Data for this task START
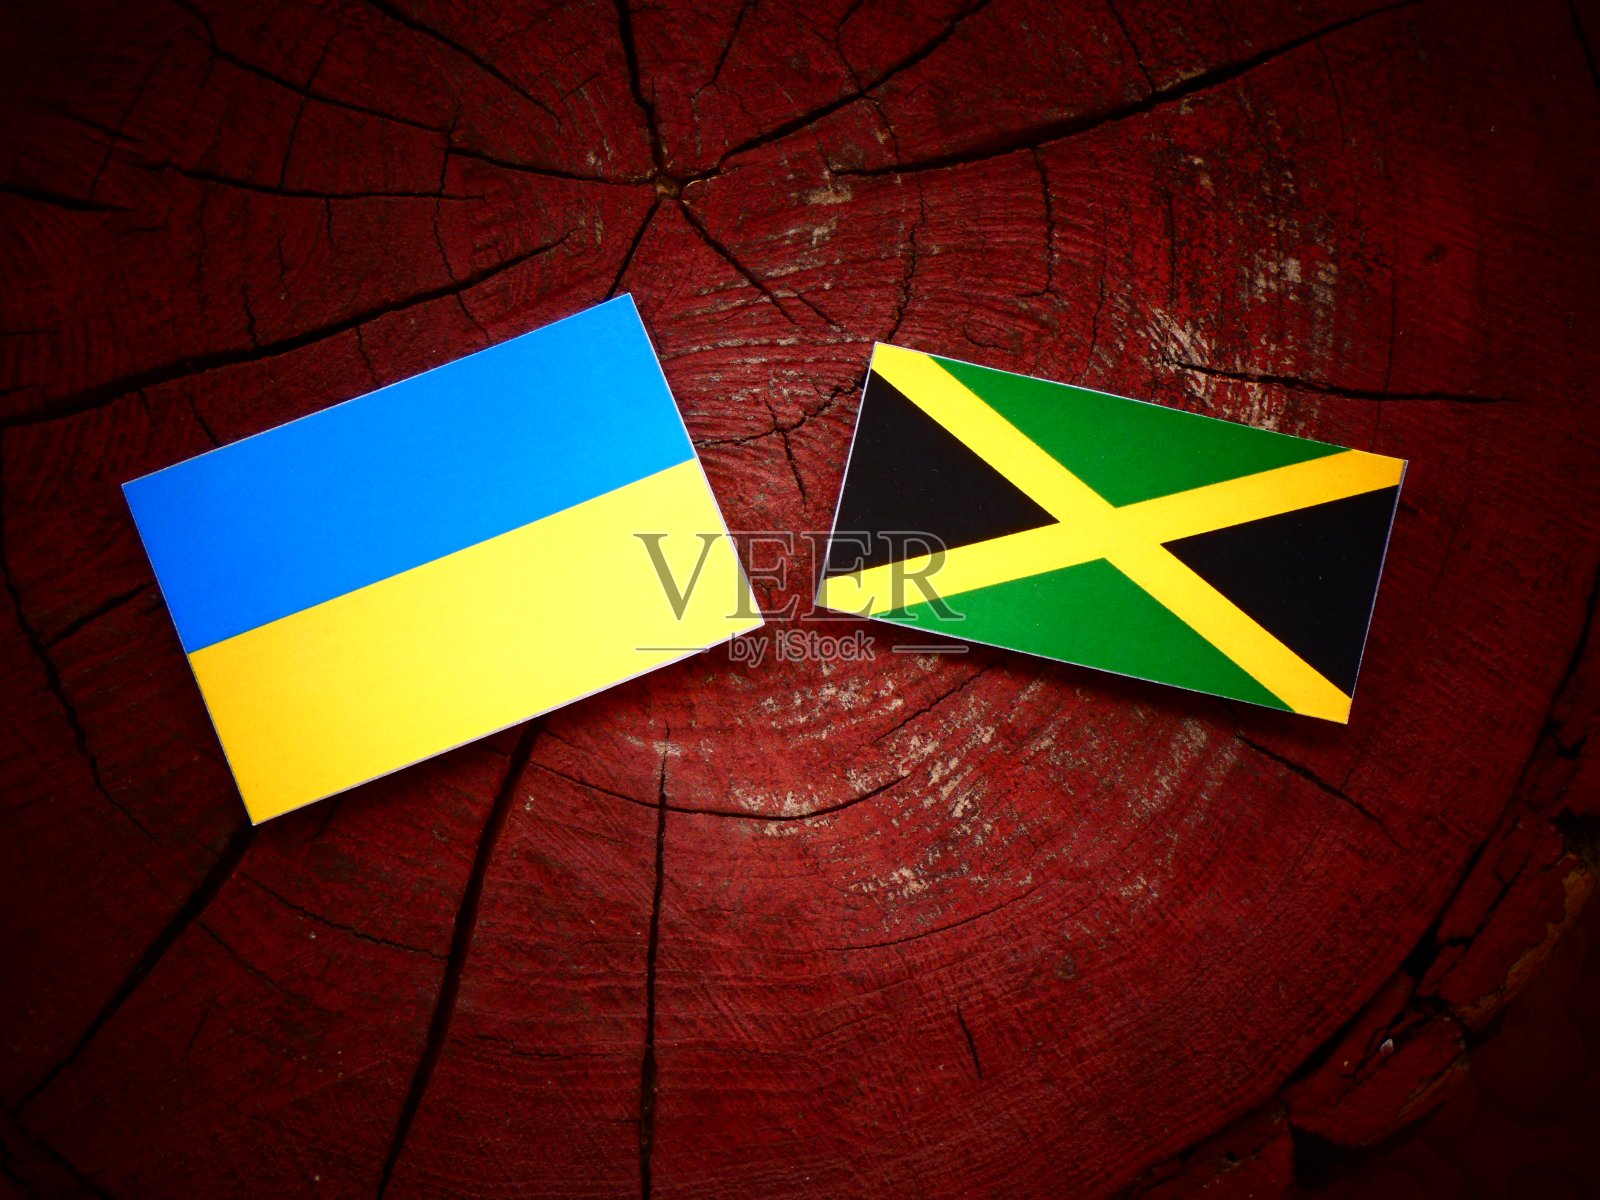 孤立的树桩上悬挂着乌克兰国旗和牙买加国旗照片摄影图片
Data for this task END
Data for this task START
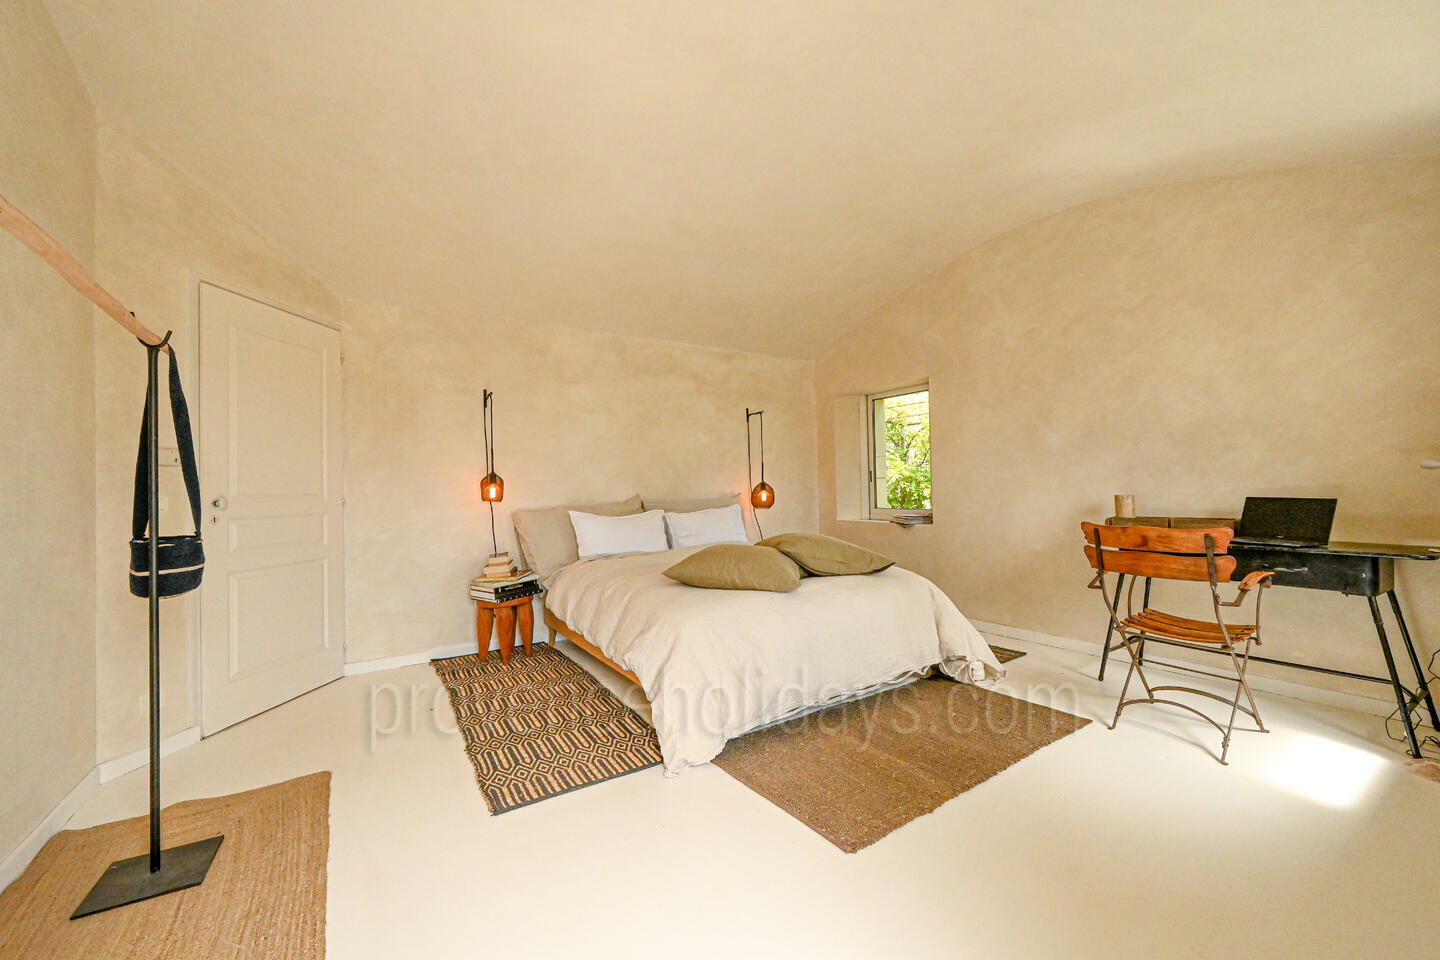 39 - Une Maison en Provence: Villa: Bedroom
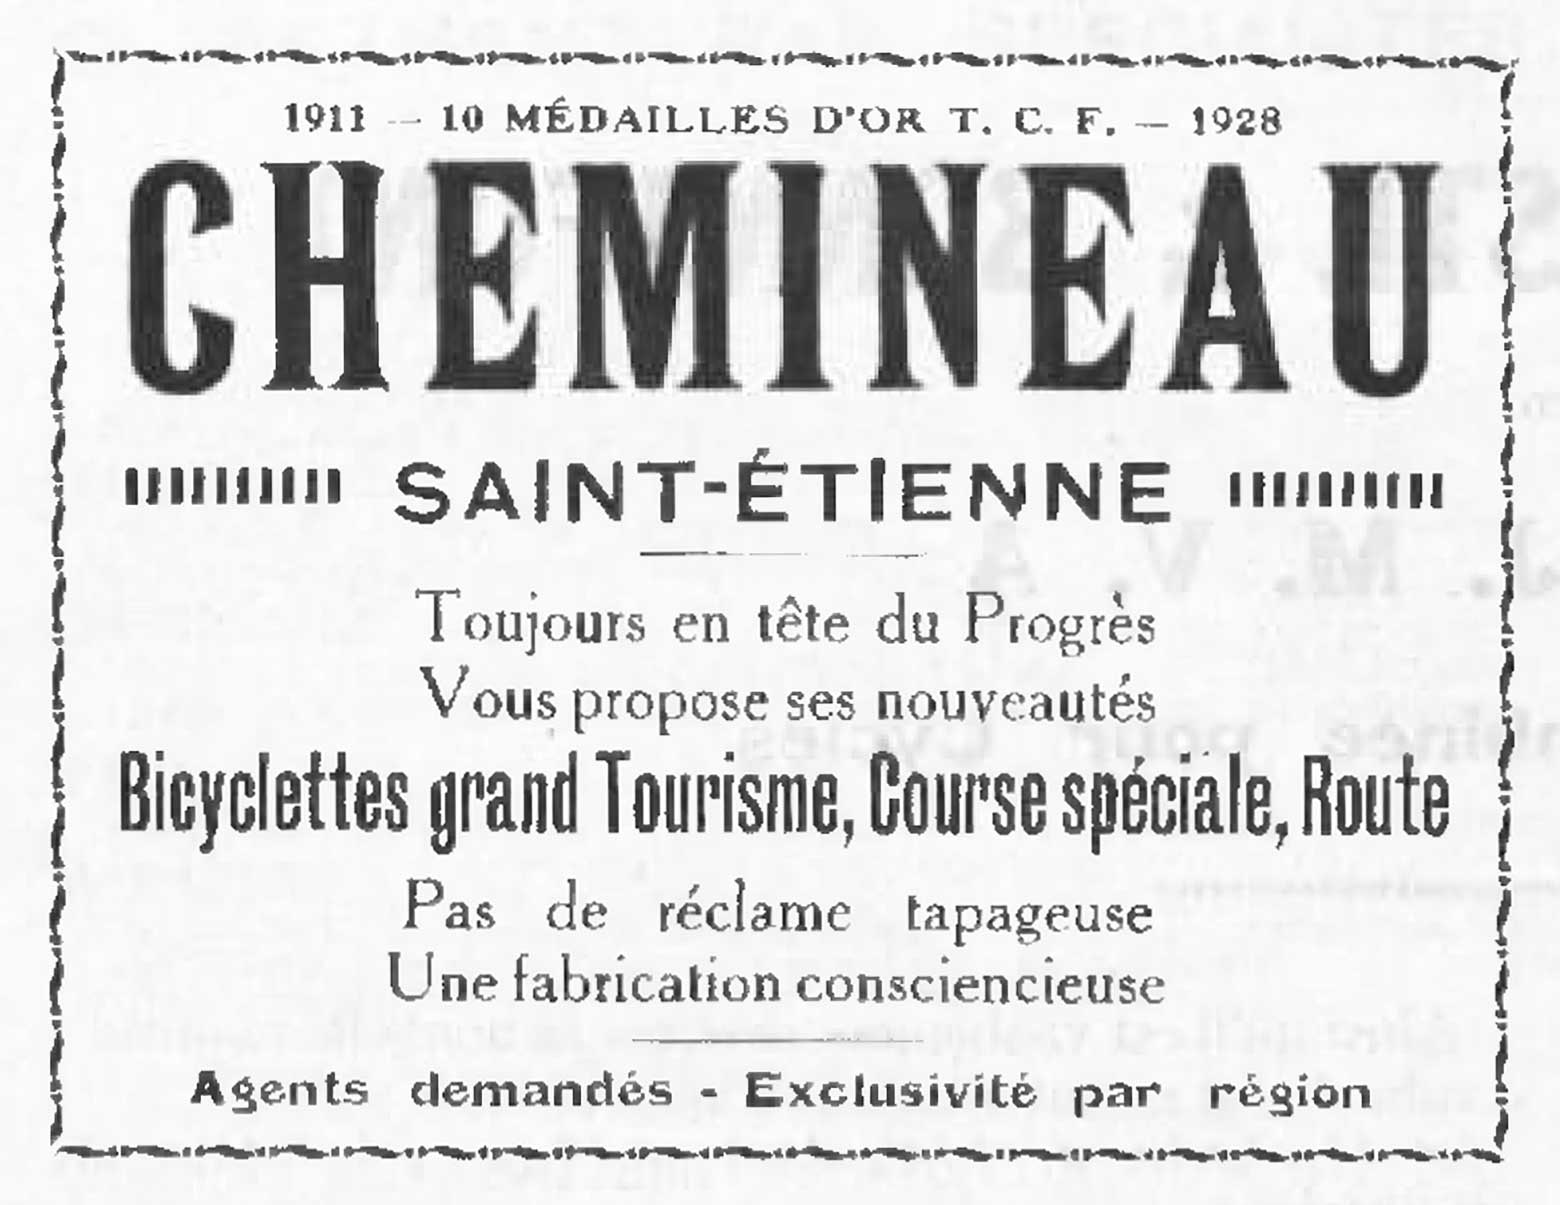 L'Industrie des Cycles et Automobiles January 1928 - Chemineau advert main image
Data for this task END
Data for this task START
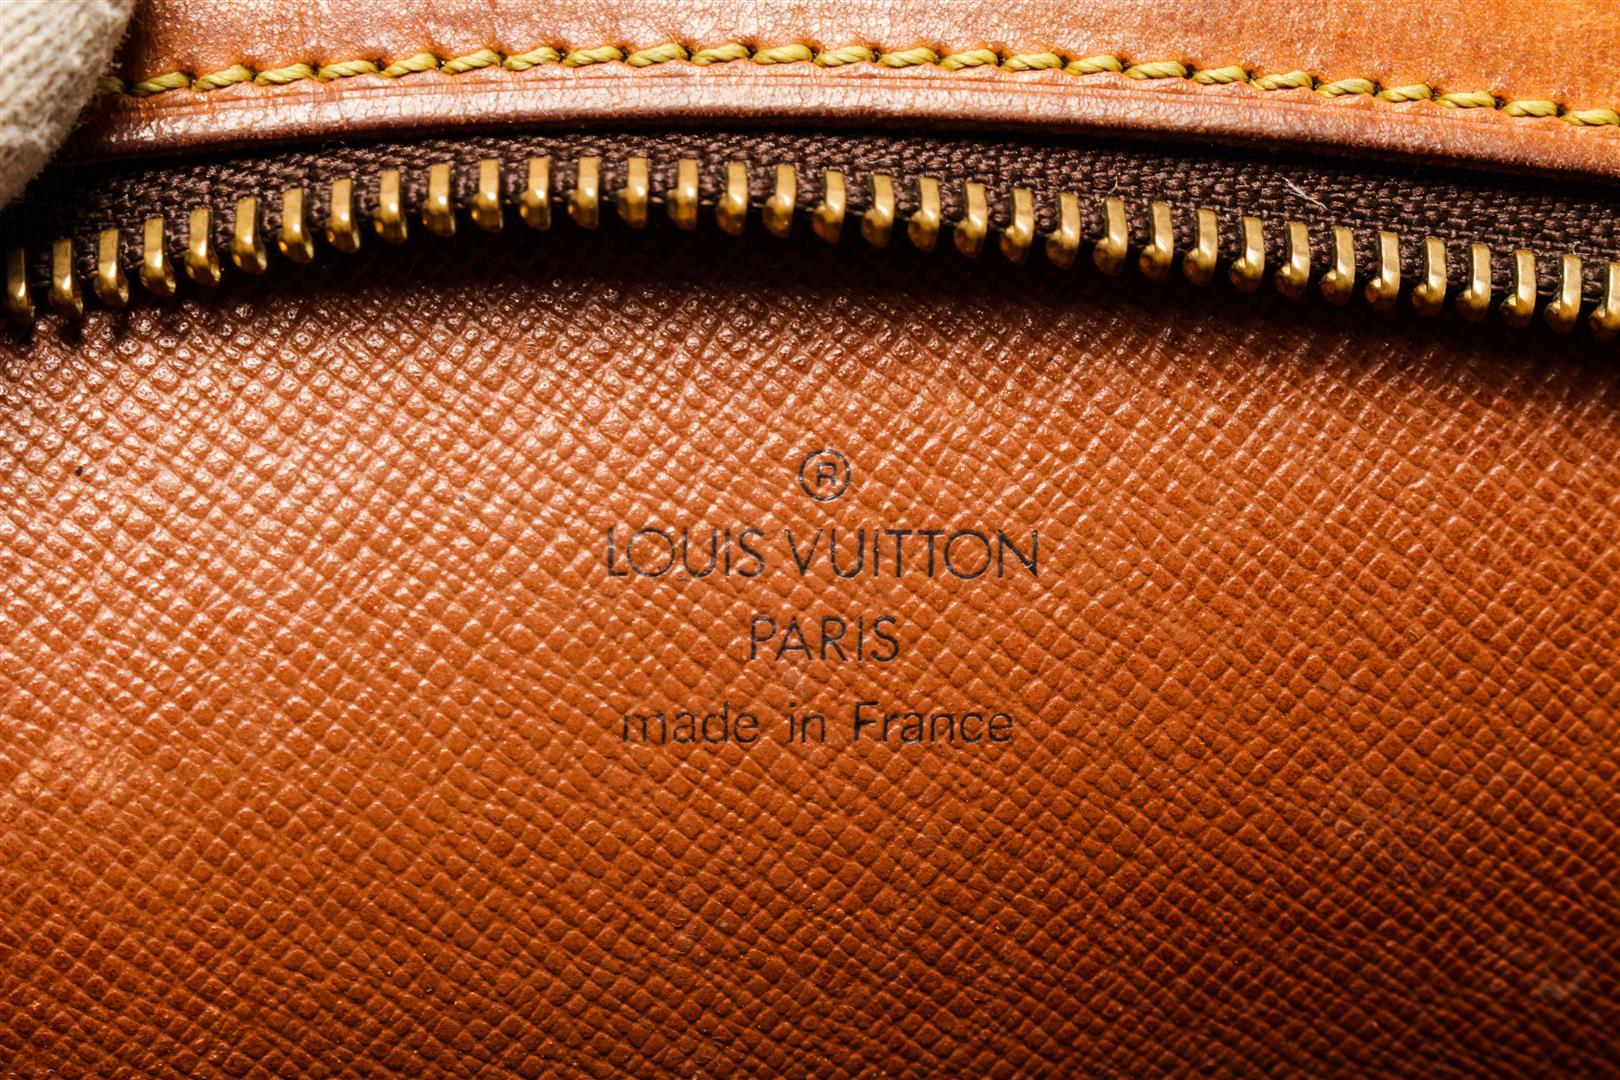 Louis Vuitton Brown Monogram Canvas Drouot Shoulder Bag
Data for this task END
[What the task requires] Find the line with "39 - Une Maison en Provence: Villa: Bedroom" and the line with "L'Industrie des Cycles" in the records above. Copy both and all lines between them exactly, without pictures.

[Response area]
 39 - Une Maison en Provence: Villa: Bedroom
 L'Industrie des Cycles et Automobiles January 1928 - Chemineau advert main image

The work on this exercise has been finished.